OUR SAY: Dispute them but don't dismiss them


Trucking operators might want to dispute the Greens over their transport policies. But they would be wrong to dismiss them

By Brad Gardner | July 27, 2010

It was always bound to happen. Like an anniversary marked out in advance on the calendar, the Greens again popped up like they do every now and then to call for more costs to be heaped on the trucking industry.

During the lead-up to federal budget, they demand an end to the diesel rebate. During talk of emissions trading they oppose any compensation to the trucking industry to offset cost rises.

Now the Greens want a significant increase in heavy vehicle registration fees – to more than $23,000 a year to be correct – to encourage more freight to be carried by rail.

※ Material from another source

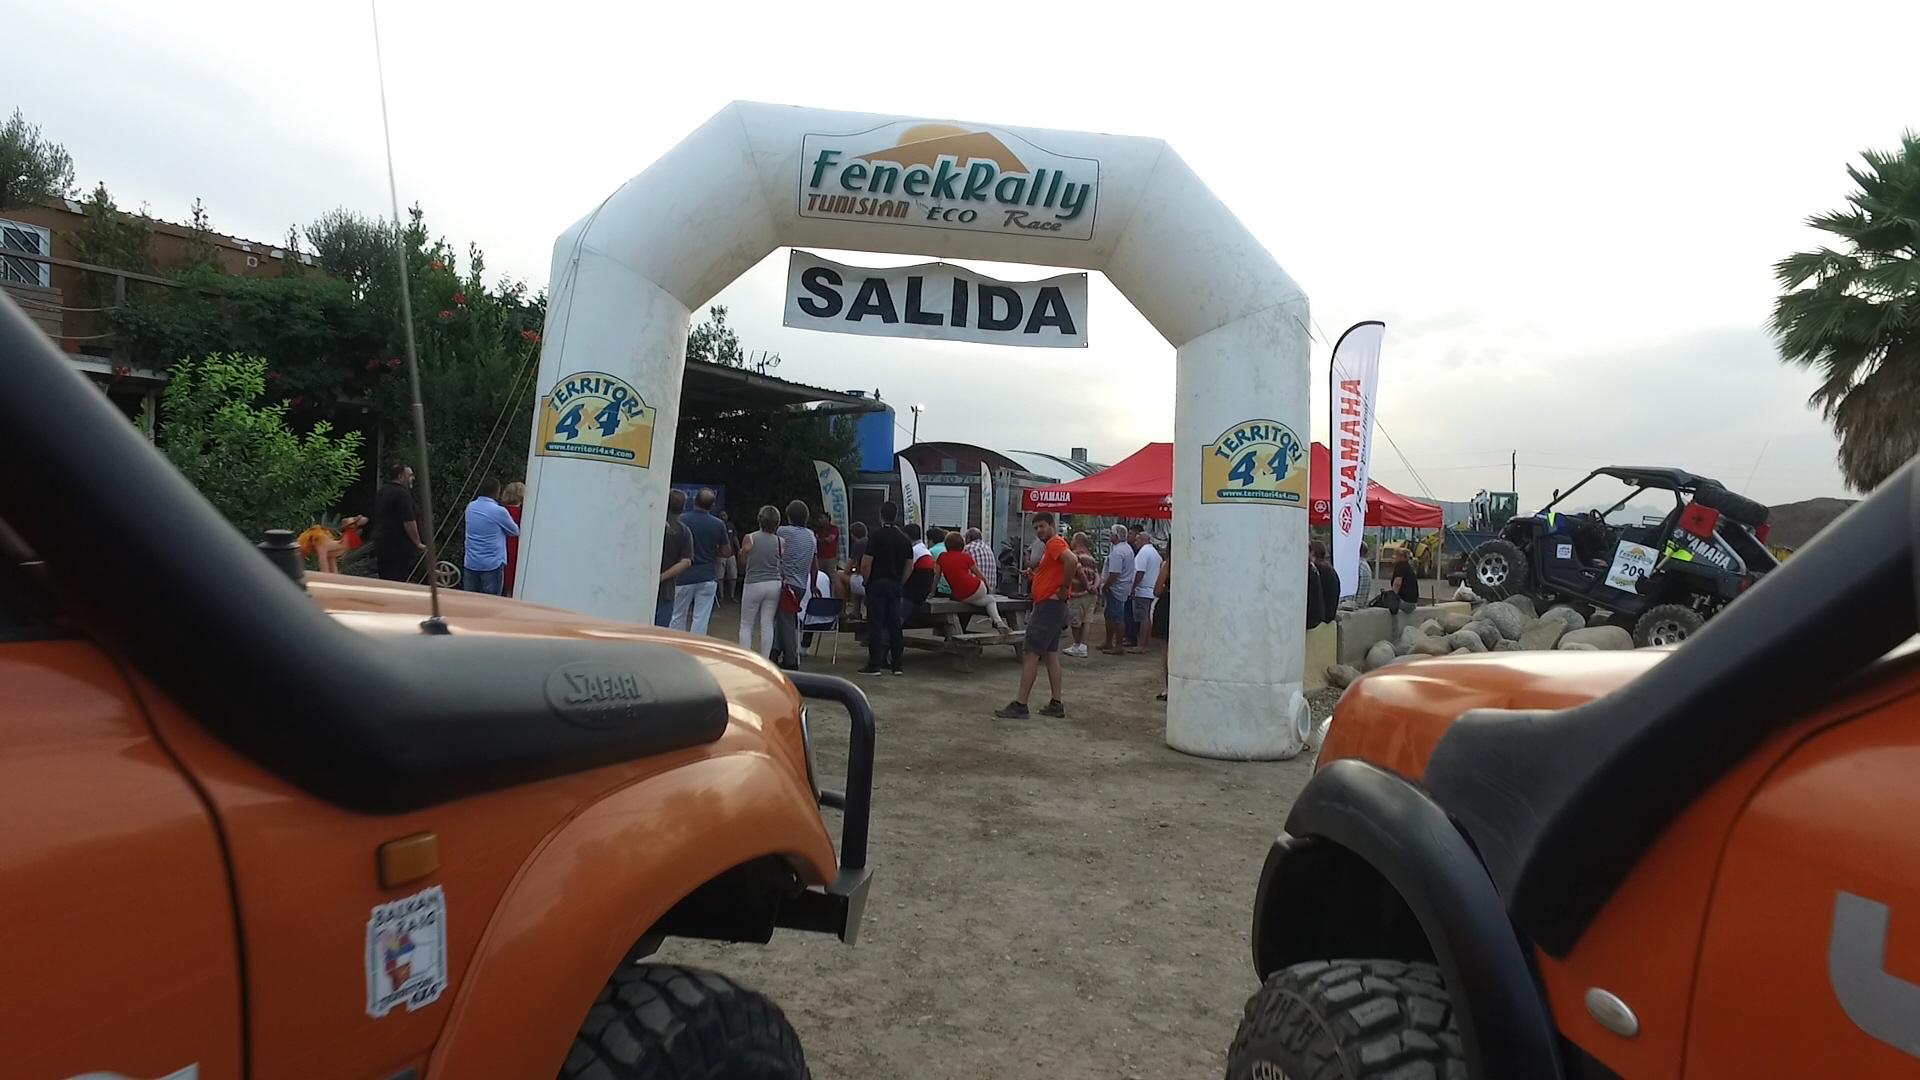 rally raid Marruecos Túnez 4x4 Moto Quad Buggy SSV

And once again sections of the trucking industry pointed out that Australia needs heavy vehicles because rail cannot carry the freight task alone.

Anyone else get the sense of déjà vu? Perhaps, but this time things might be different.

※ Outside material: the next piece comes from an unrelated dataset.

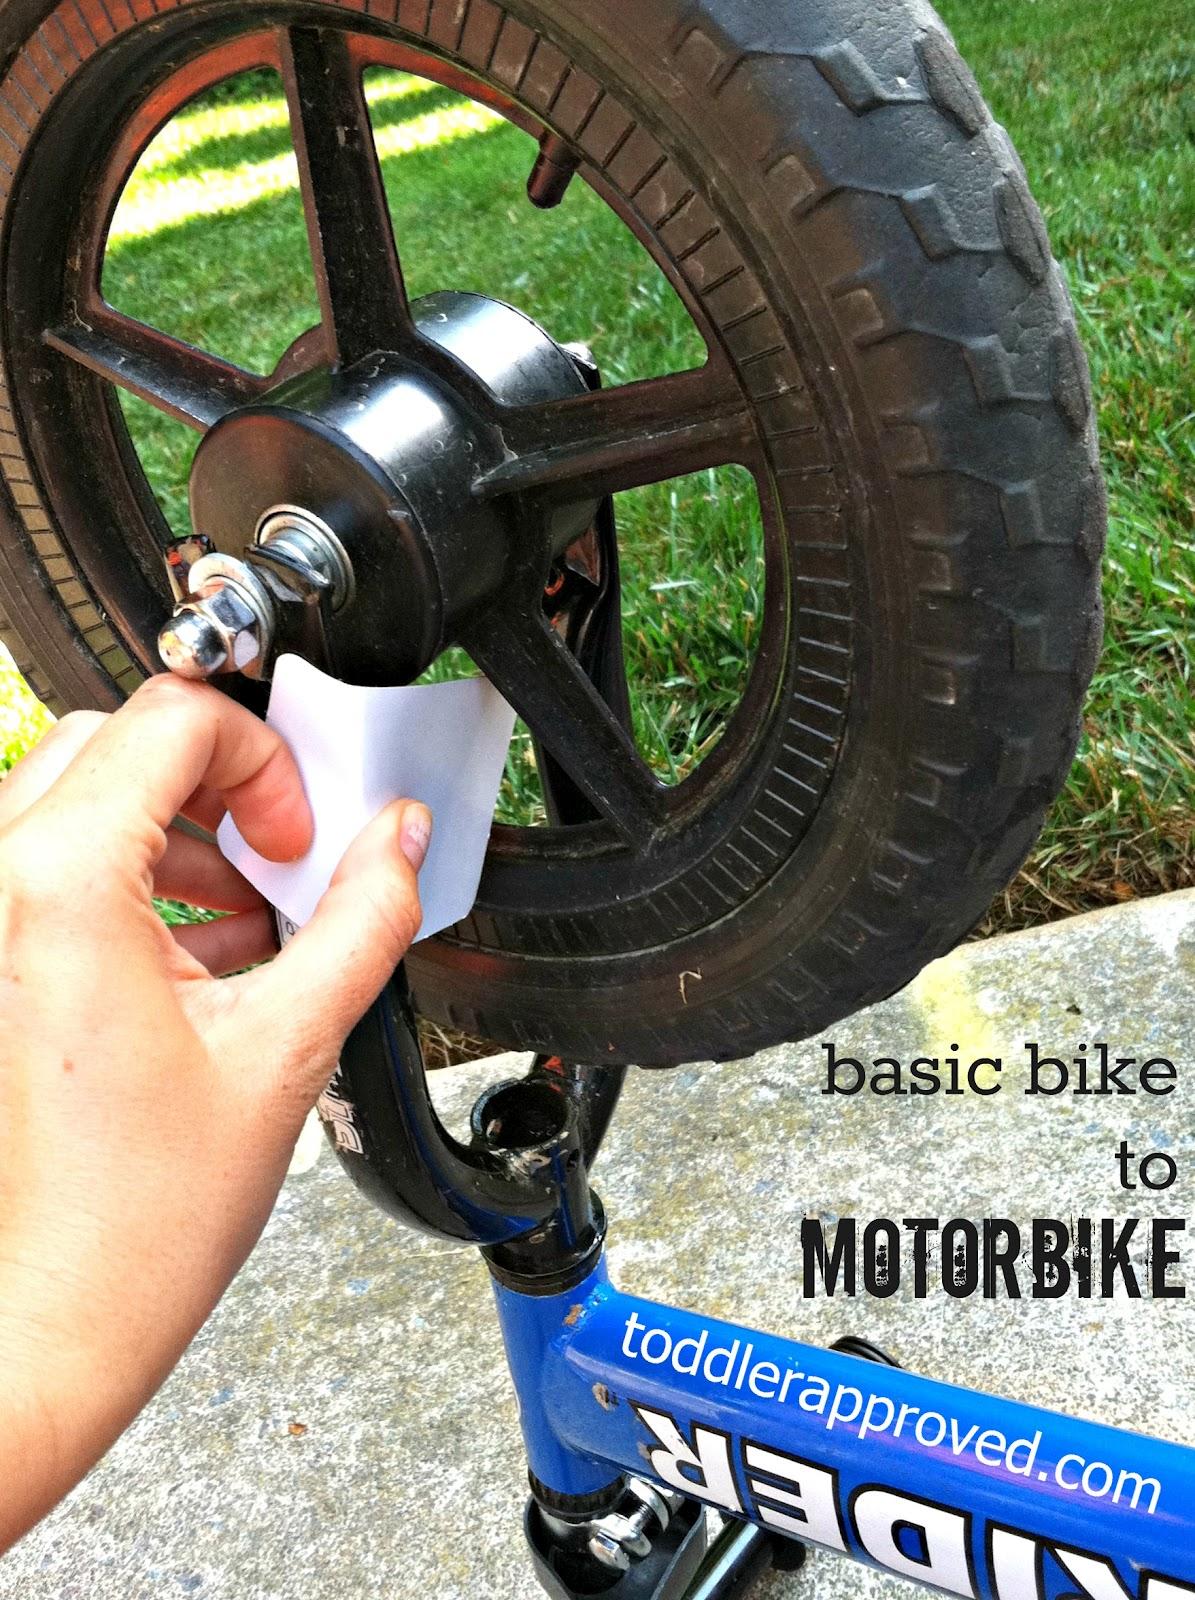 Toddler Approved Basic Bike To Motorbike

If you’re following the election campaign and listening to the pundits, the Greens are on the cusp of gaining the balance of power in the Senate.

And that has implications for trucking operators.

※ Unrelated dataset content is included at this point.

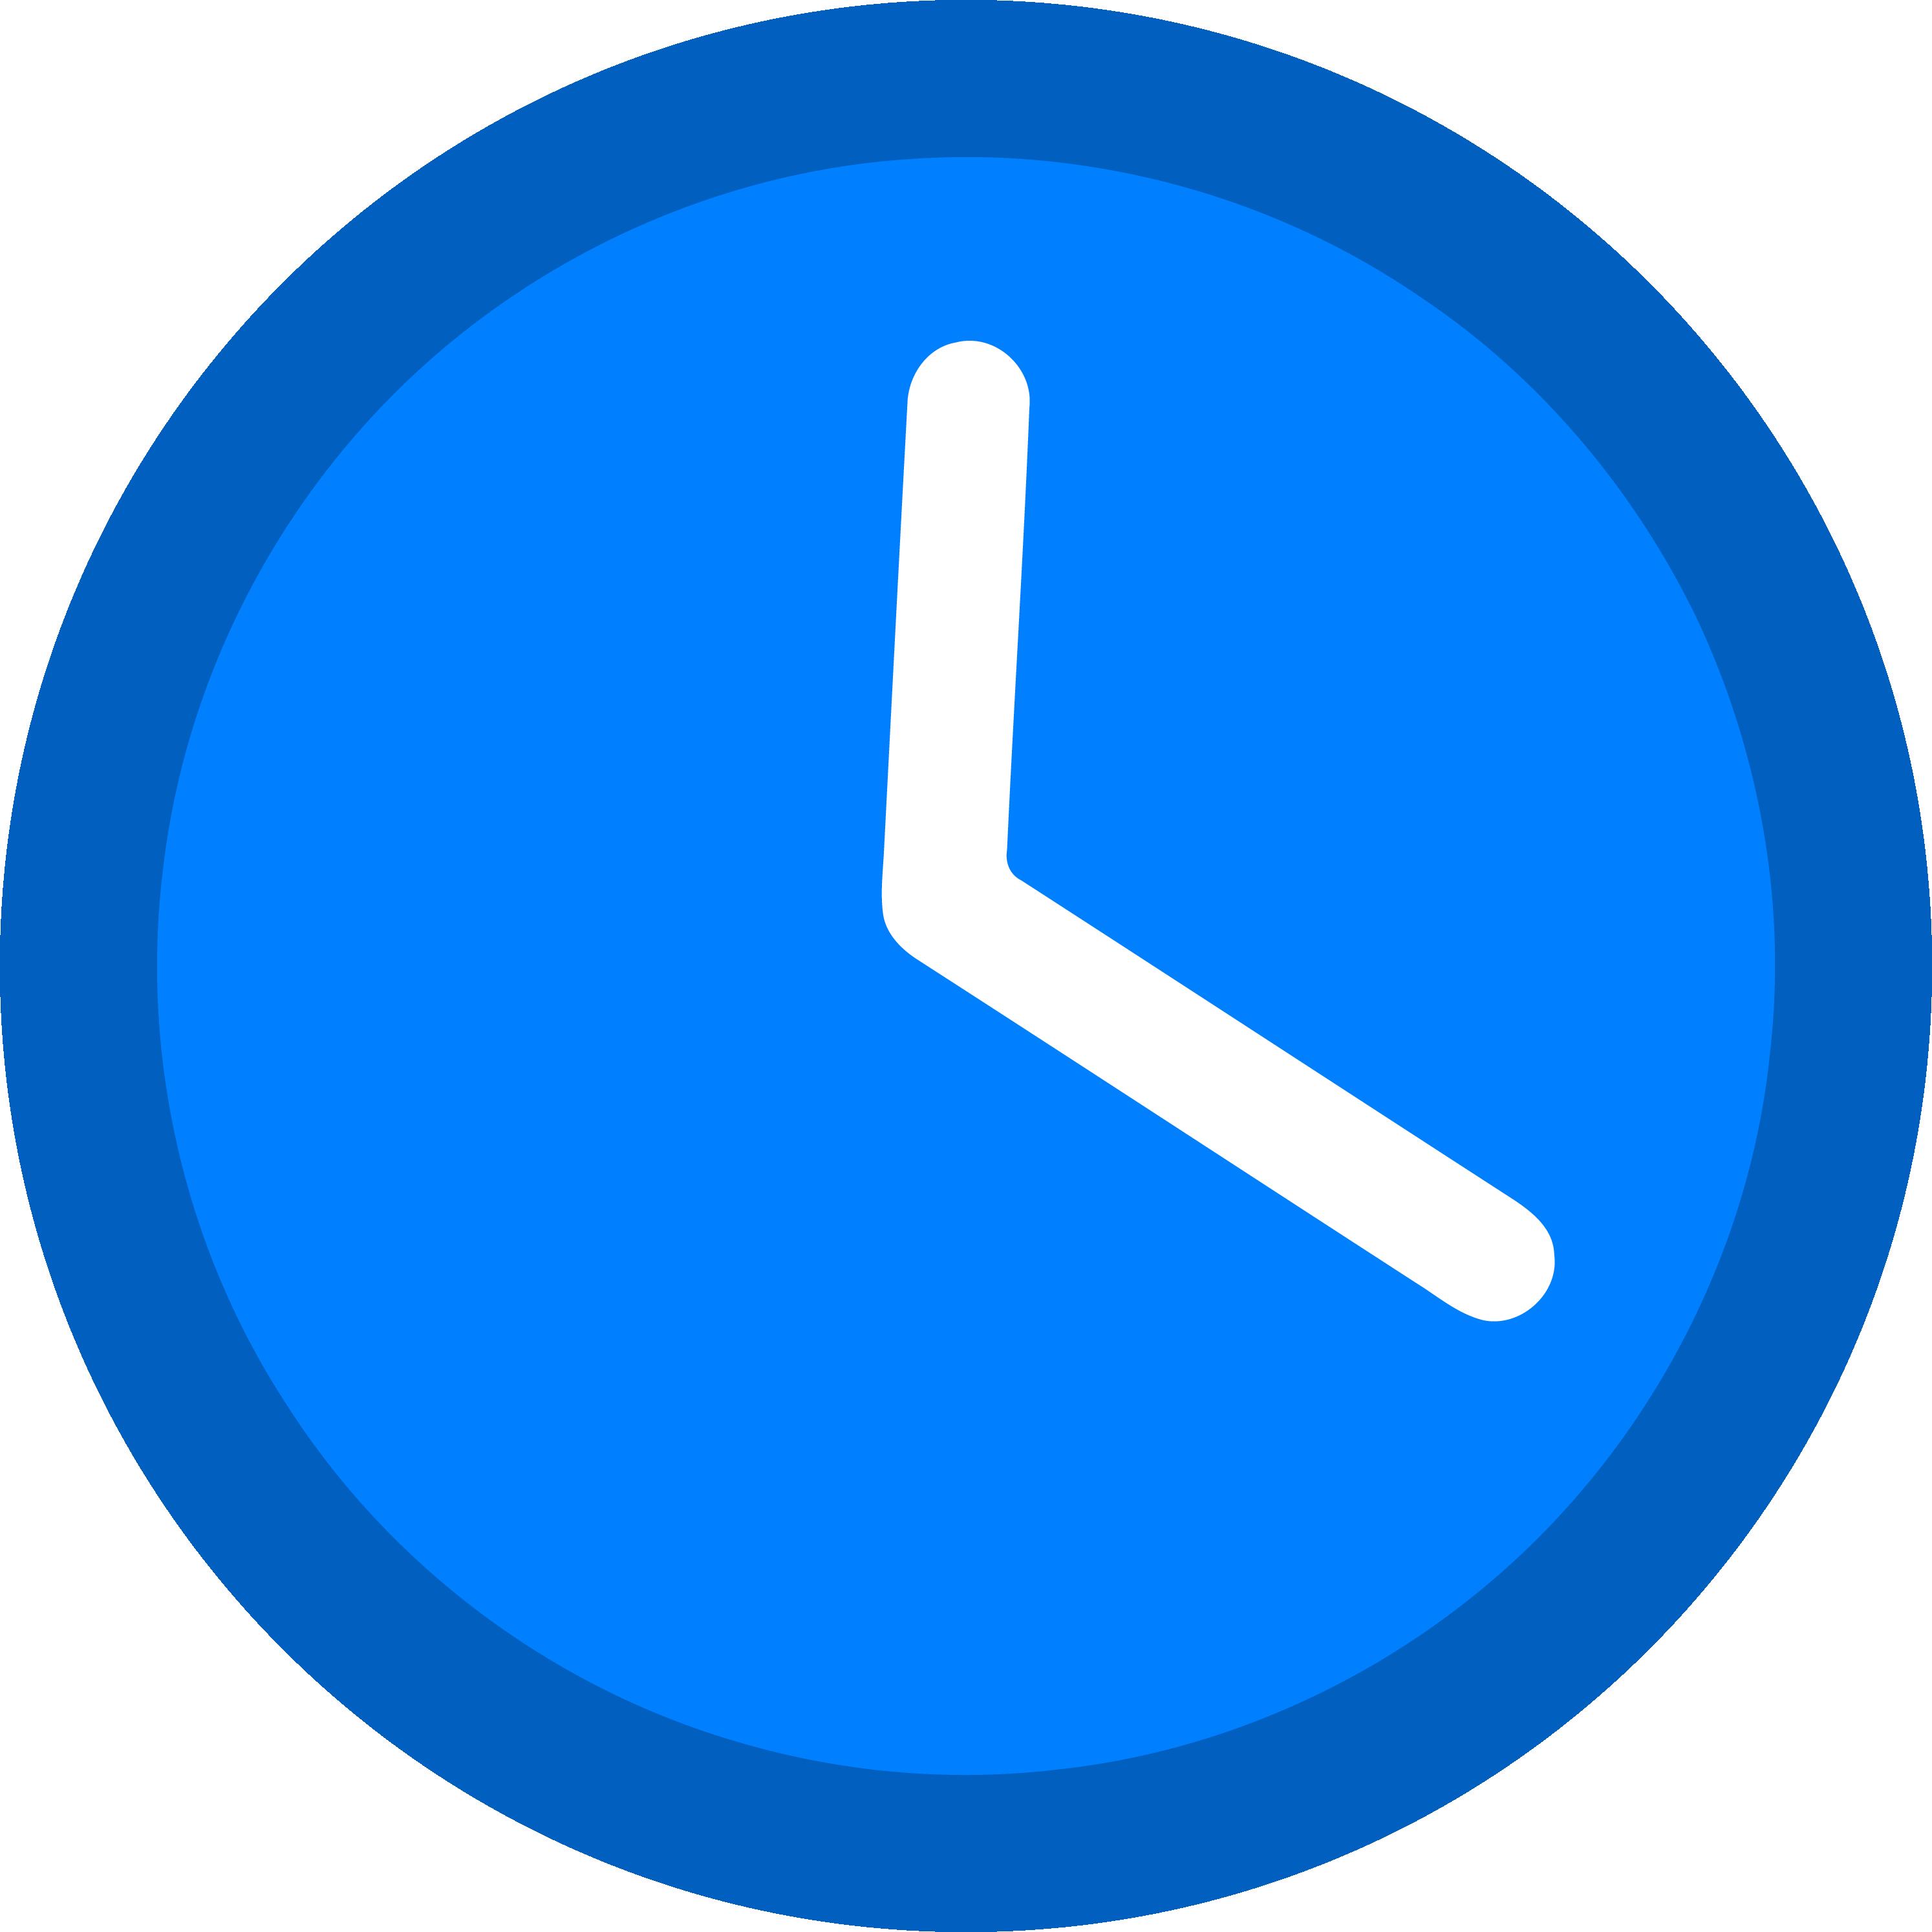 Clipart clock circle. Hd md dodger blue

In the past the industry could criticise the Greens, dismissing the notion their policies would be introduced because the party was a minor player on the political scene.

But Bob Brown and his crew are gaining popularity in the electorate and if they occupy enough seats in the upper house after August 21 – as expected – then things will change.

The Greens will have the power to defeat bills, meaning the government of the day might need to strike deals to ensure its agenda is not derailed.

And you can bet the Greens will use the opportunity. Senate candidate Lee Rhiannon has already said road pricing reform is long overdue. And transport is on the Greens’ list of things to tackle.

Sure, it is doubtful Labor or the Coalition will agree to slug operators with $23,000 registration bills, but they might be willing to give a little leeway on other issues if it means getting legislation passed.

Reductions to the diesel rebate? Taking money from road projects to spend on rail and public transport initiatives? Mandating quotas on how much freight can be carried by a truck? Accelerating the introduction of mass-distance-locating charging? Implementing a congestion charge?

Who knows, but the Greens’ policies on trucking have been clear for a while. Only this time, they might finally get to implement some of them.